When Does Time Start to Run? Two Contrasting Cases on the Time Limits for Bringing an Action Under Public Procurement Law.

22 November 2013

Practice Area: Procurement Law


1.  Nationwide Gritting Services Limited v The Scottish Ministers[1]


Transport Scotland is an agency of the Scottish Ministers and has responsibility for the management and maintenance of trunk roads in Scotland. During the very cold winter of 2010/2011 Transport Scotland purchased de-icing road salt in January 2010 and between August 2010 and February 2011. The salt was purchased from a number of suppliers.

The procurement of the salt was above threshold and therefore governed by the Public Contracts (Scotland) Regulations 2006 (as amended) (the Scottish Regulations). These are broadly comparable to the Public Contract Regulations 2006 (as amended) that apply to Northern Ireland, England and Wales.

Nationwide Gritting Services Limited (NGS) is a pan European supplier of road salt based in England. During the course of 2010 and 2011 NGS contacted Transport Scotland by telephone and email to try and secure business.

In August 2010 the Scottish Salt Group published a report (available on the internet on the website for Transport Scotland) about road treatment in Scotland during the winter of 2009/2010. In this report it stated that Transport Scotland had purchased emergency supplies of salt. In December 2010 the Taxpayers’ Alliance published a report which also indicated that Transport Scotland had purchased road salt from a number of named suppliers (none of which were NGS).
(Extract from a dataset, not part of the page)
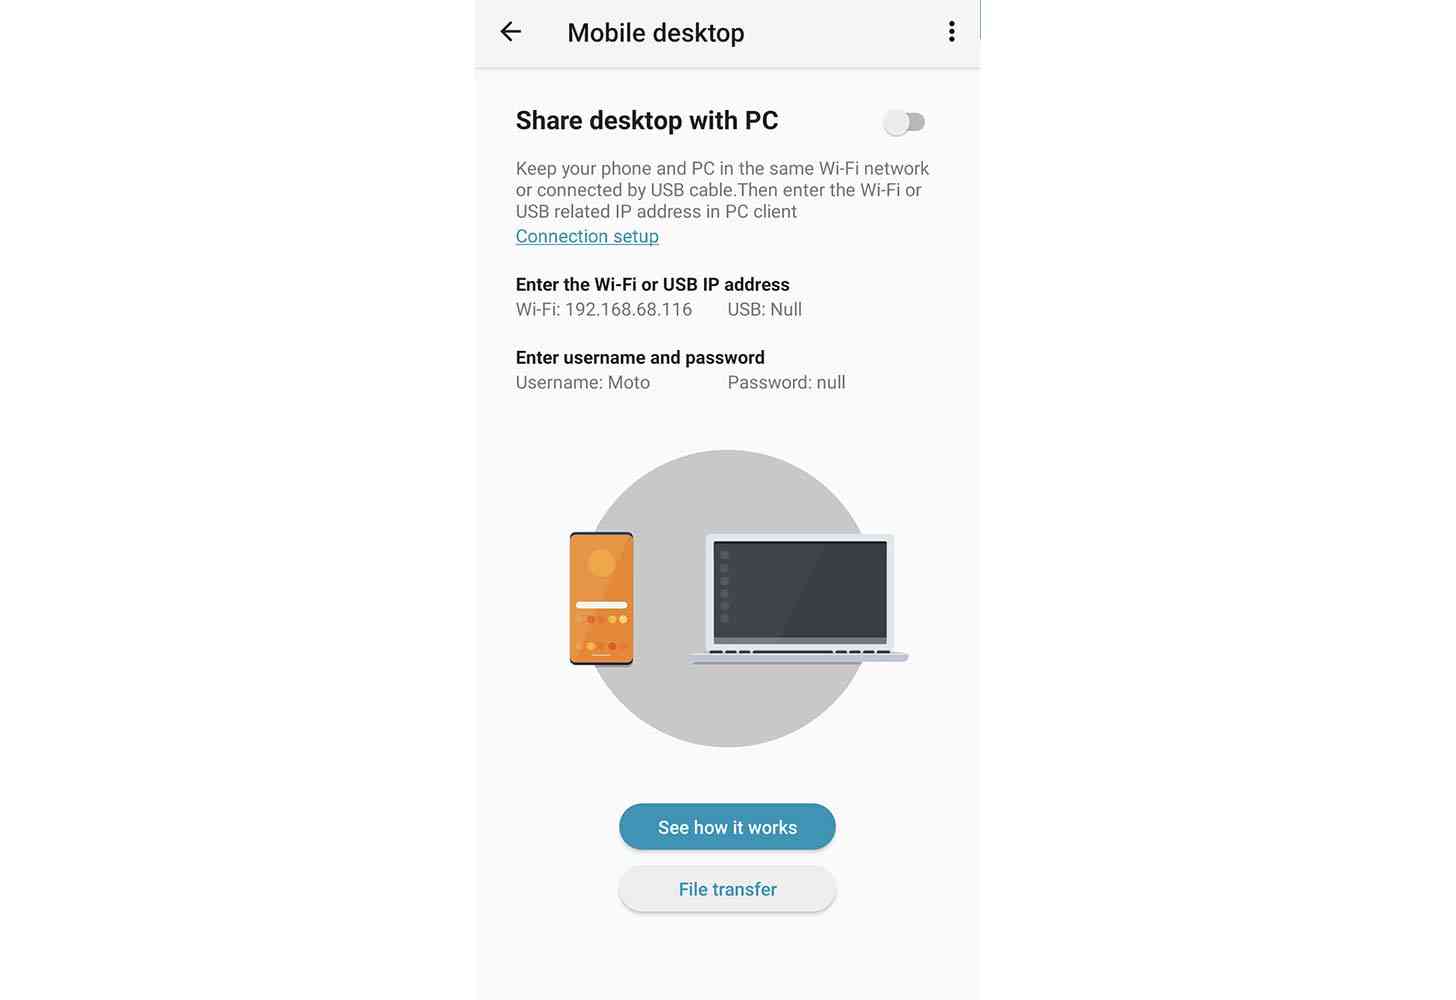 Motorola mobile desktop leak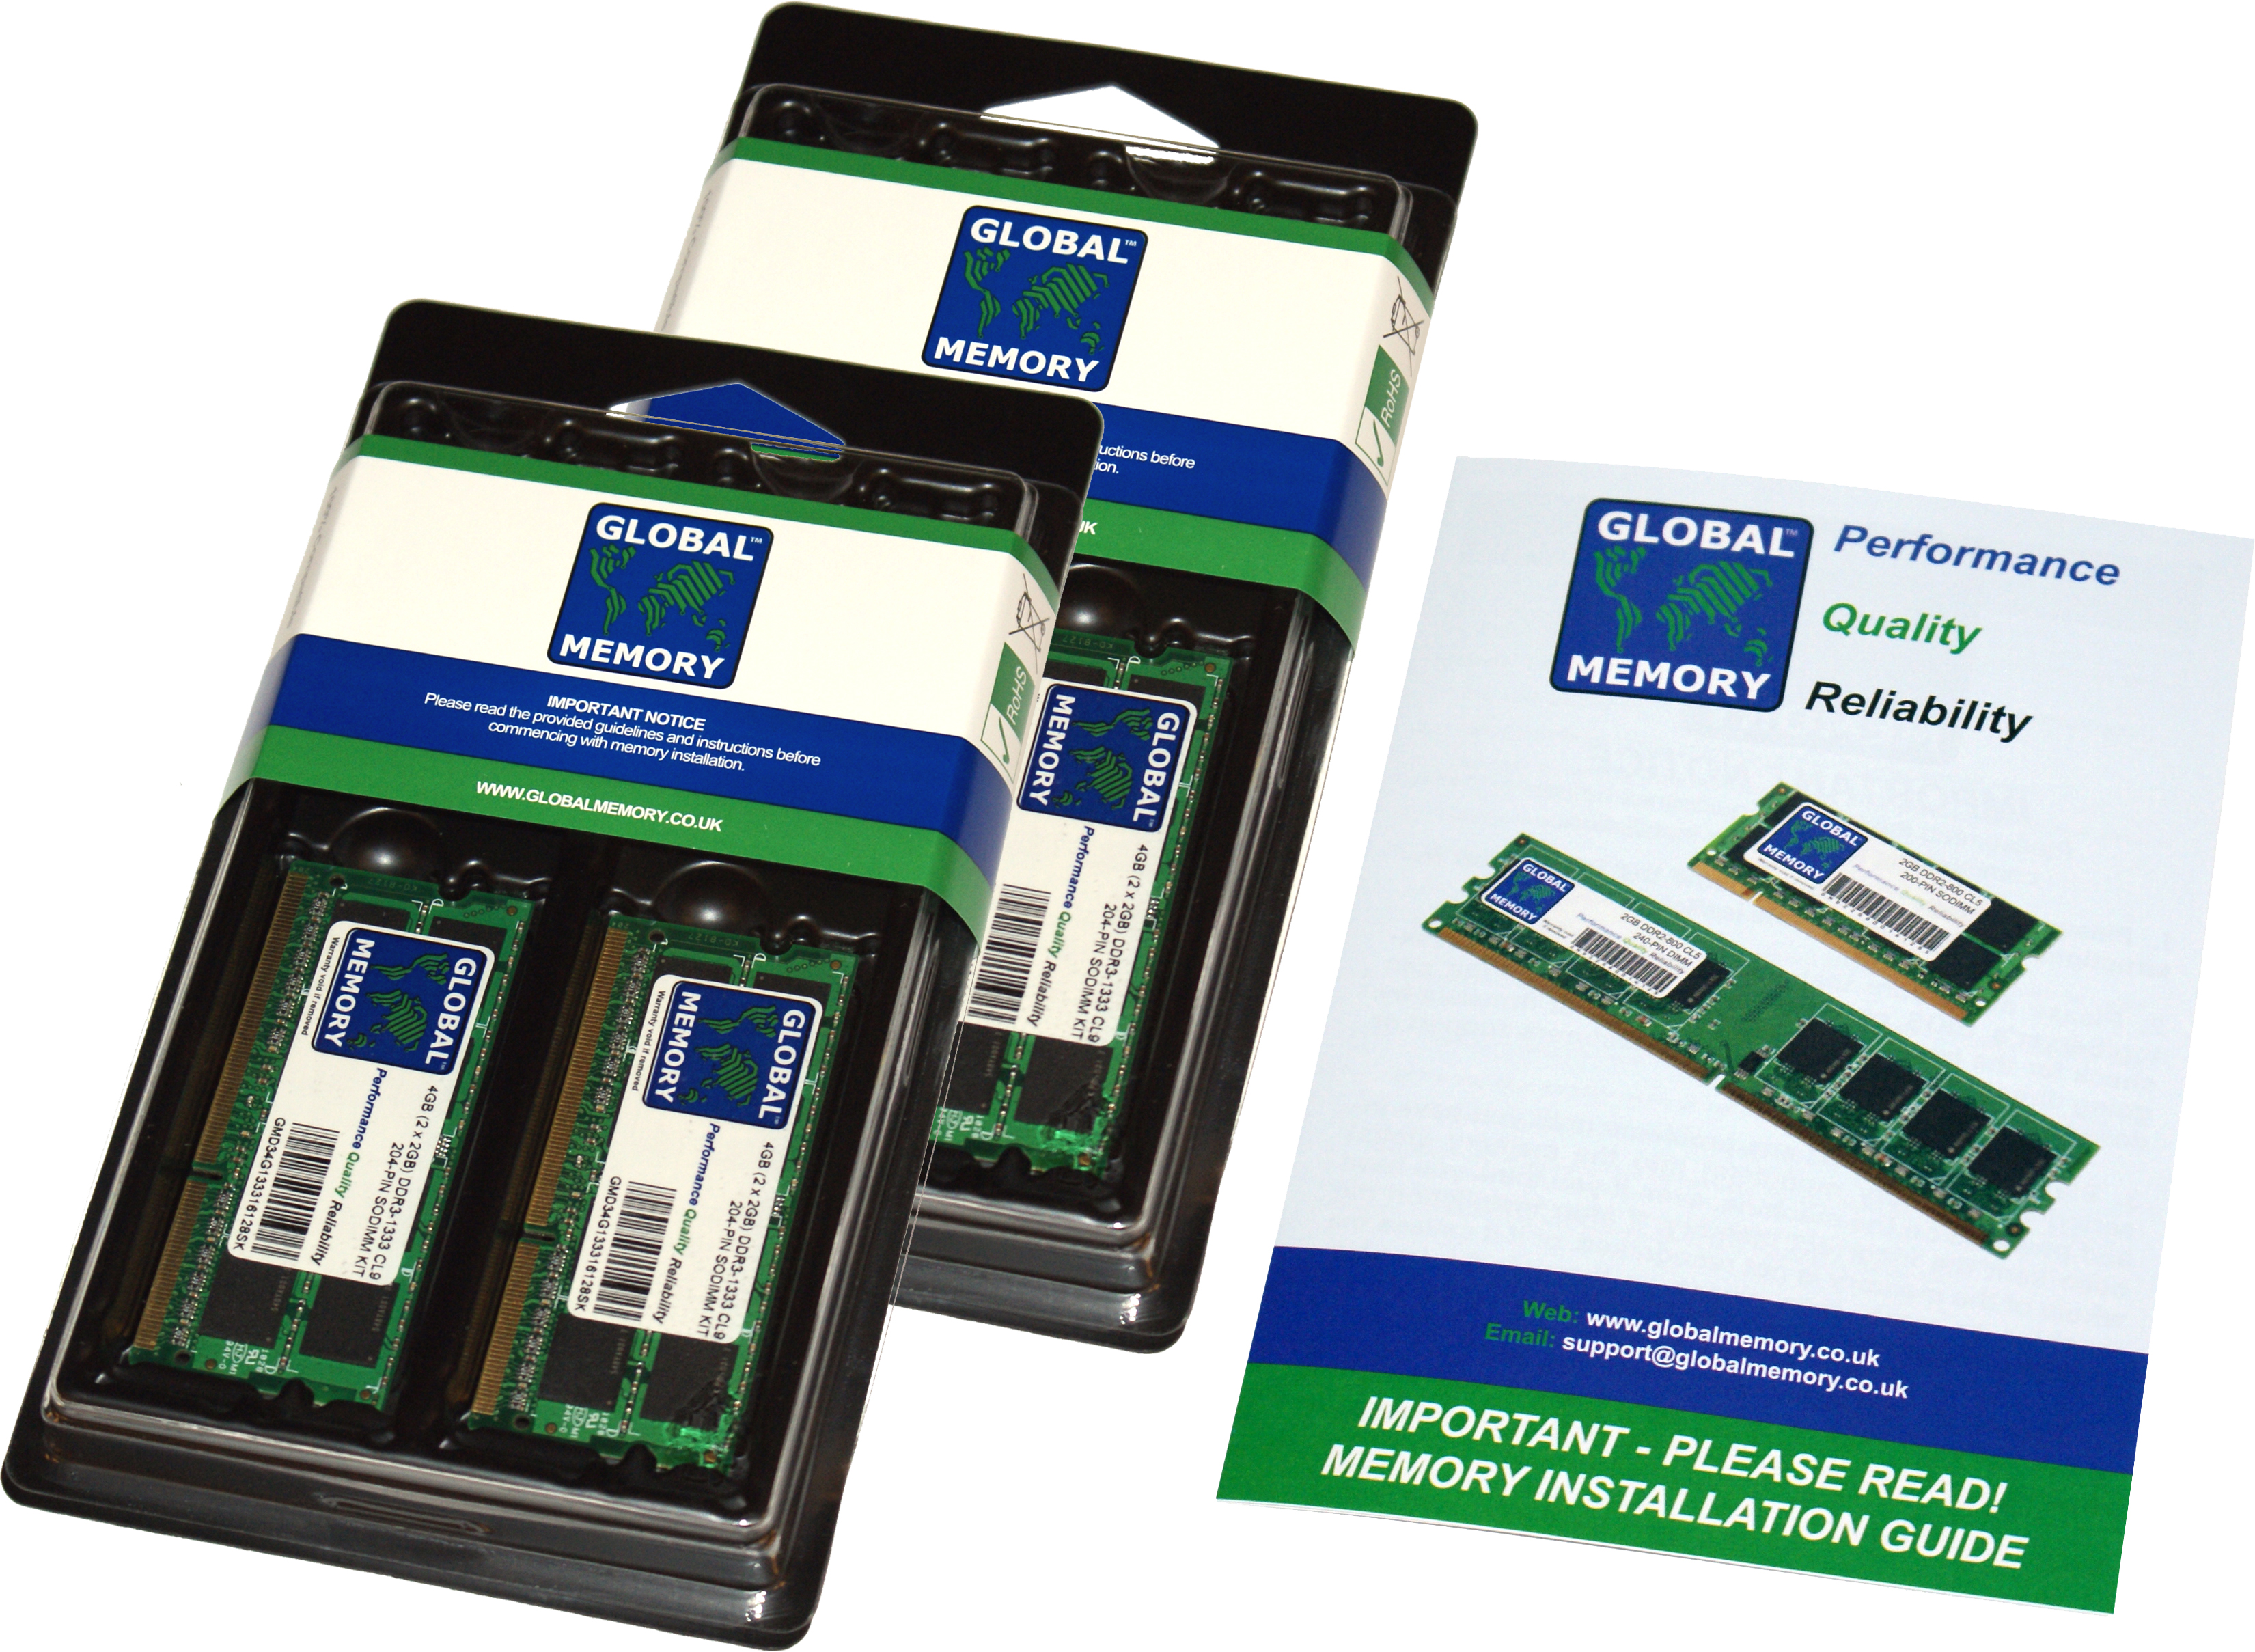 64GB (4 x 16GB) DDR4 2933MHz PC4-23400 260-PIN SODIMM MEMORY RAM KIT FOR ADVENT LAPTOPS/NOTEBOOKS

On 27 April 2012 a customer of NGS informed NGS that Transport Scotland had purchased road salt and was storing it.

NGS wrote an email to Transport Scotland on 30 April 2012 stating that they had heard about the purchase of the road salt but could not find “any request for a quote or any published tender for such provision of salt”. It further stated that it could not find any notice of the contract for the storage of the road salt either.

Transport Scotland responded on 30 May 2012. In its response, Transport Scotland stated that, given the “extreme urgency” of the situation, derogation from the Scottish Regulations had been granted to allow the procurement to proceed immediately.

NGS challenged the direct award and Transport Scotland maintained that it was entitled to enter into the contract due to “extreme urgency” although did admit that it failed to publish a contract award notice.

NGS commenced proceedings on 28 August 2012. The issue before the court in this hearing concerned the Scottish Ministers’ submission that the NGS claim was time barred. The relevant limitation period during this time was three months.


It was noted that the key issue was the degree of knowledge that NGS had before 28 May 2012. In assessing this, the Court looked at three circumstances:

1.  There were no existing business relations between NGS and Transport Scotland. NGS had tried to sell to Transport Scotland in 2010 and 2011 and it would have been easy for Transport Scotland to inform NGS that it had already obtained supplies, but it did not. The Court also noted that Transport Scotland did not normally purchase road salt as this was normally undertaken by local authorities and the contractors responsible for the trunk roads.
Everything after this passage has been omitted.